I ended up coming back to medicine, planning to work in public health. I never expected to like surgery, but once in the operating room, the mix of blood and guts, and the sense that I could master a set of very tangible skills that no one could take away, was very attractive to me.

I was also attracted to the character of the people. Surgeons have a great deal of confidence in themselves, and yet they also make mistakes and have to figure out how to take responsibility. They feel that action is better than inaction, even when they know that they don't know everything and their skills are imperfect. I felt like that was the kind of person I myself wanted to become.

TM: One who balances fallibility and action?

AG: In Washington, I watched politicians grapple with uncertainty, trying to pull a very contentious world toward solutions.

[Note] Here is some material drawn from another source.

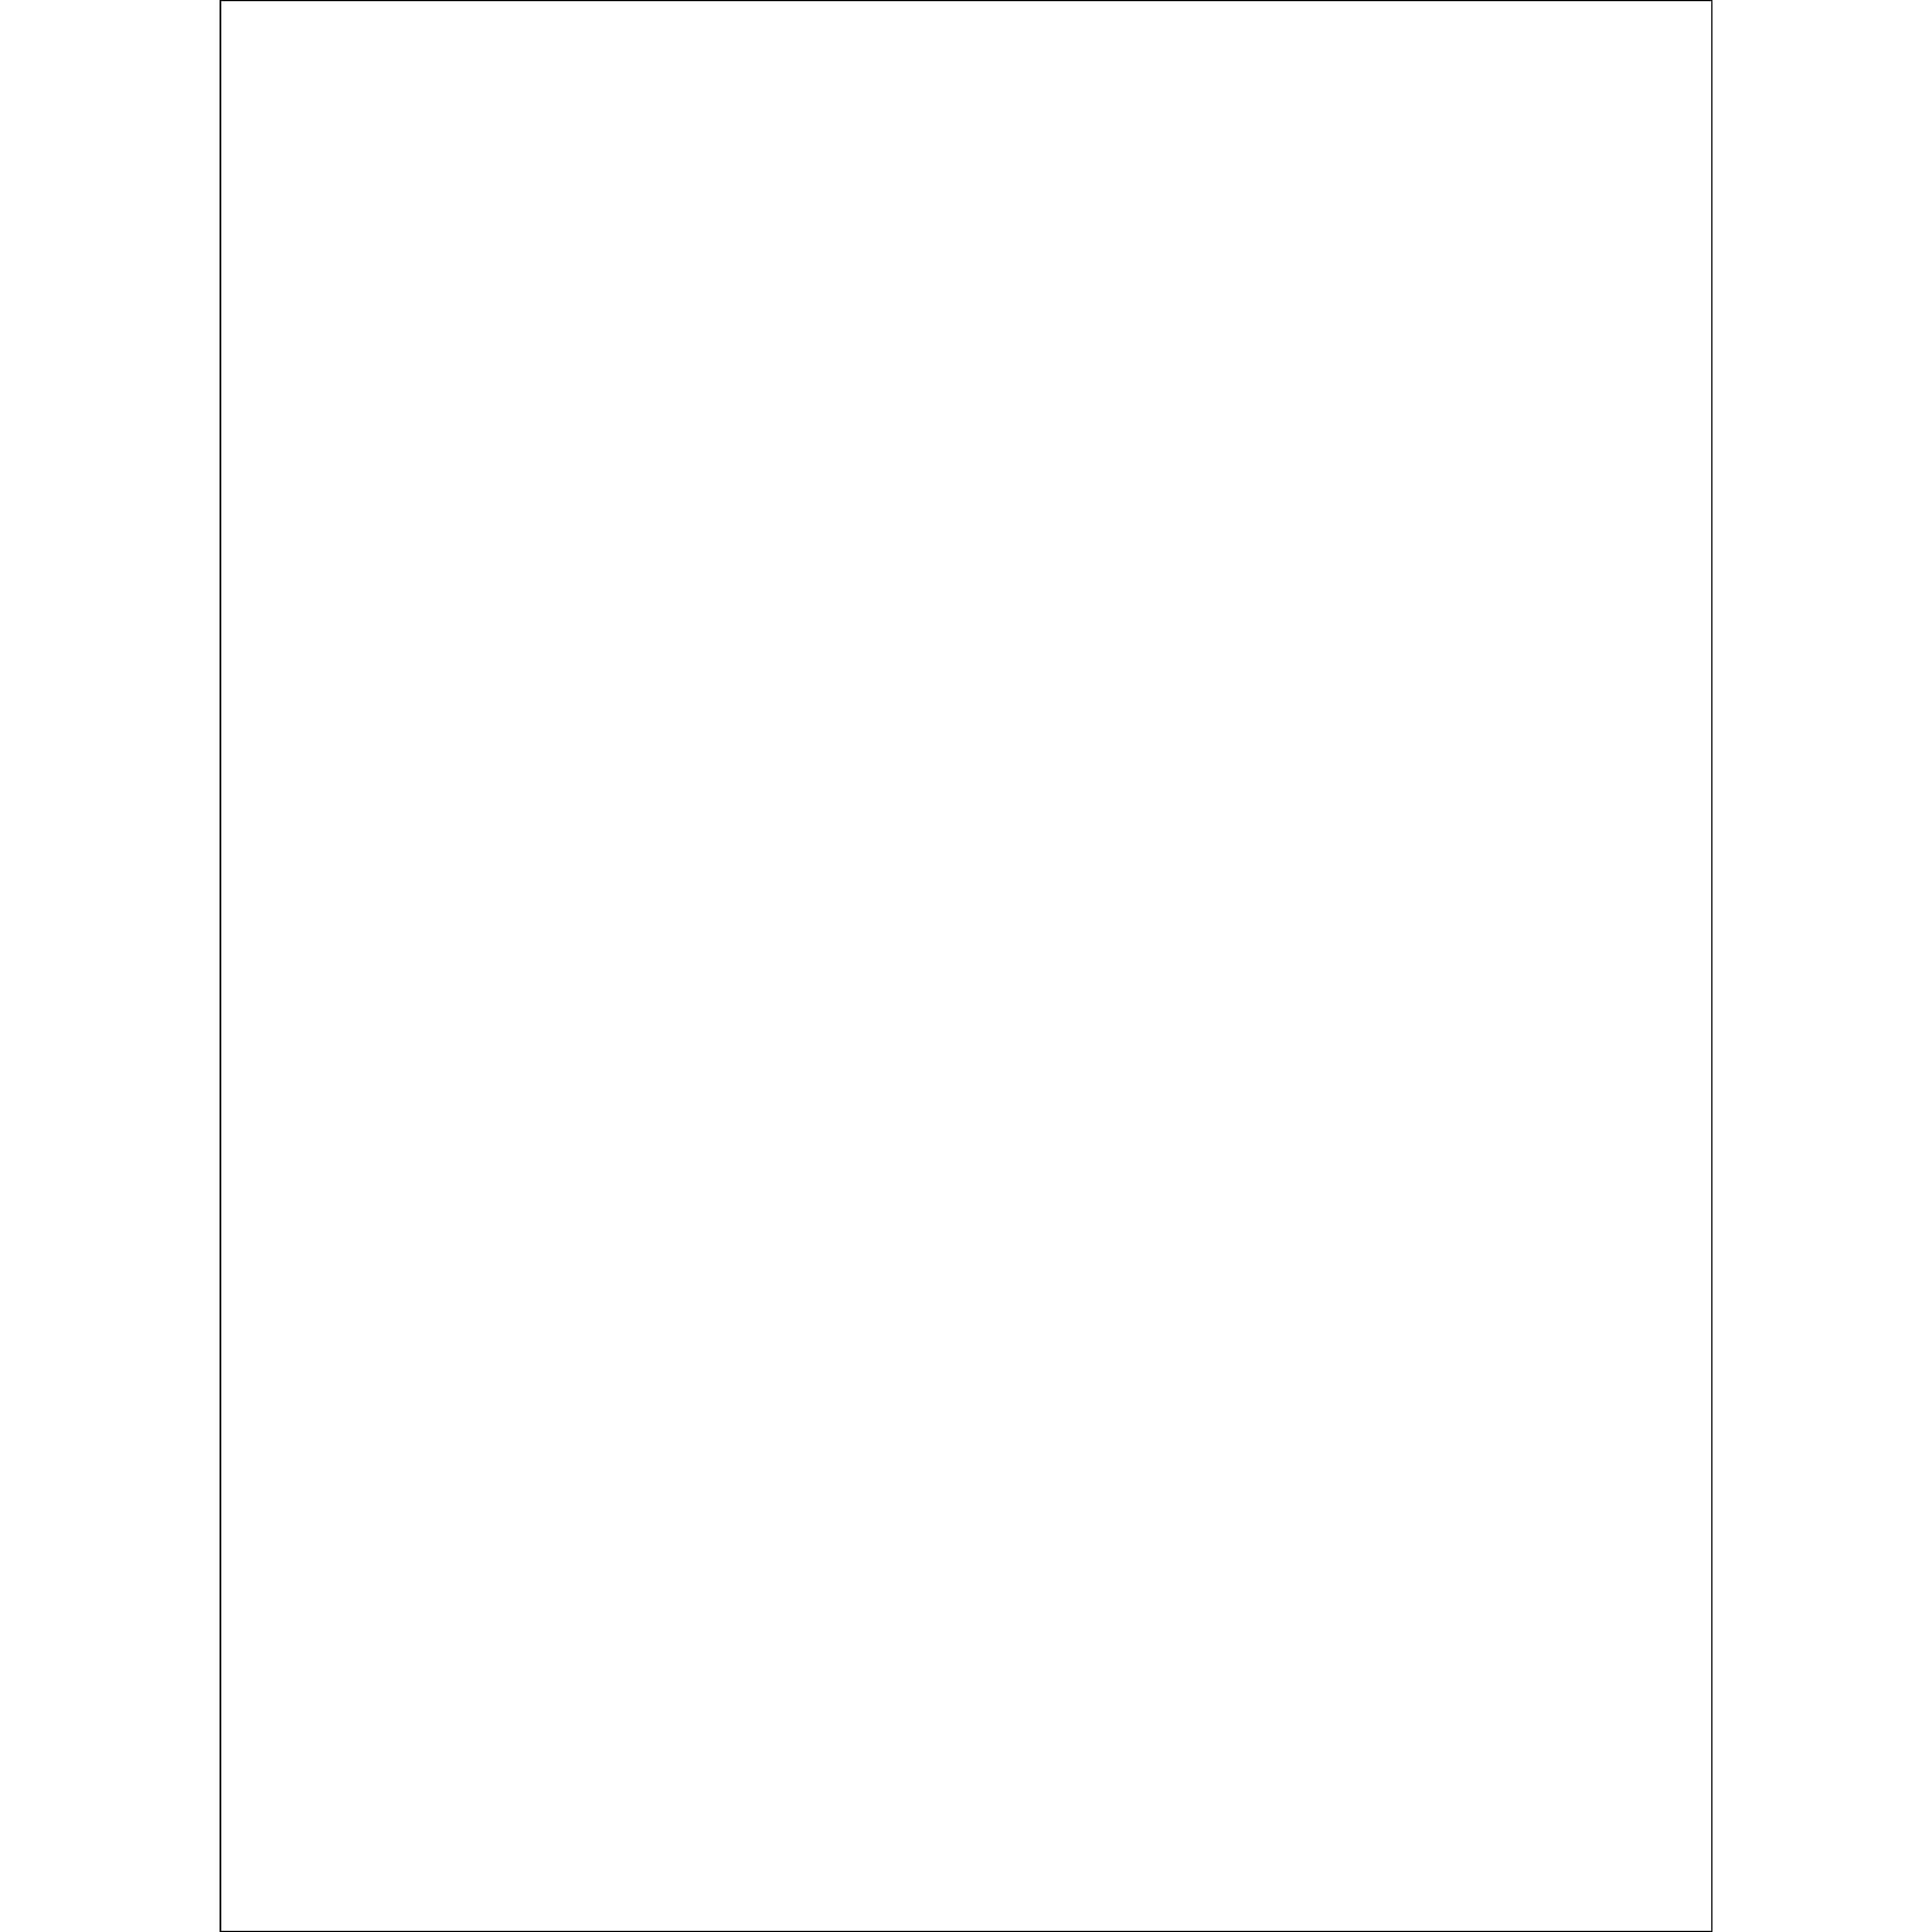 PA Paper™ Accents 8.5" x 11" Self Adhesive Paper, 25 Sheets

We've been working for a century trying to make sure that everybody has access to health care. How do we control costs in ways that also improve quality of care? Whether it's surgeons or politicians, the best seem to be able to grapple with uncertainties, and push forward, while recognizing at times they're going to fail and live with that fallibility.

TM: Contrasting those two career options, I'm struck by the immediacy of surgery -- the action is now, the feedback is in the moment.

AG: I've been working, writing, thinking, pushing on health reform for a decade; I was through the debacle of the Clinton administration. I don't think I could give up surgery because every time I finish my day in the operating room, I feel that like I've accomplished something.

TM: I'm reminded of the work of Mihalyi Csíkszentmihályi, who wrote the book Flow. He cites three preconditions: clear goals, good feedback, and a stretch between challenge and skill. People think of rock climbers, ballet dancers, that sort of thing, but surgeons also score very high on flow.